ペルノーとリカールのパスティスは非常に滑らかで飲みやすいです。職人的な味を求めるなら、アンリ・バルドゥアン・パスティスが65種類以上のハーブとスパイスを使った、より繊細で複雑なバージョンのパスティスを提供しています。このブレンドは実にユニークで美味しく、後味はややドライで、パスティスとアブサンの比較ではベストの部類に入ります。結局のところ、パスティスの銘柄はそれぞれに個性があり、きっとお気に入りが見つかるはずです。
その他のフランス産甘草リキュール
フランスの甘草リキュールはパスティスだけではありません。ポンタルリエ・アニスとアニゼットもフランスで人気のあるアニスリキュールであります。ポンタルリエ・アニスはフランス東部、フランシュ・コンテ地方のポンタルリエ地区産。一般的なパスティスよりもアニスの香りが強く、すっきりとした味わいです。

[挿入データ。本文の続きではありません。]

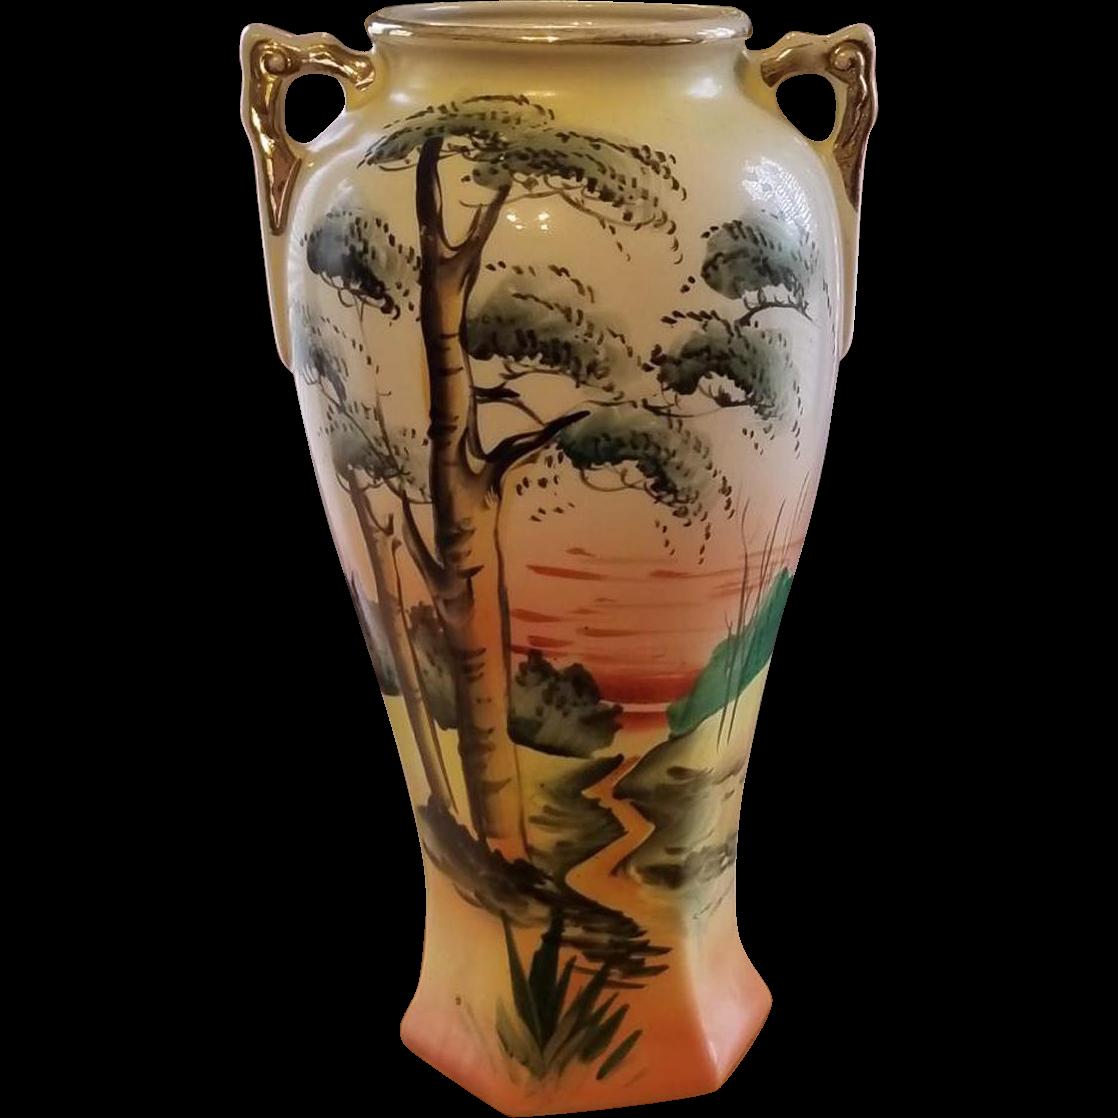 Vintage Royal Nishiki Japan hand painted bonsai tree porcelain ceramic vase urn with eared handles

最後にアニゼットだが、他のアニス・リキュールよりも甘く軽いです。アペリティフとして、あるいはコーヒーに加えると人気があります。パスティスと同様、ポンタリエ・アニスもアニゼットも、アニスが前面に押し出された風味があるため、敬遠されがちだが、このリキュールを試してみれば、密かに楽しめます。
パスティスの重厚さも、アニゼットの甘さも、フランスの甘草リキュールはどんな好みにも合います。パスティスは、パーティーの後、ゲストを追い払う優れた方法であるだけでなく、尊敬と探求に値するスピリッツであります。今度酒屋に行ったら、パスティスをカゴに入れてみよましょう。後悔はしないはず!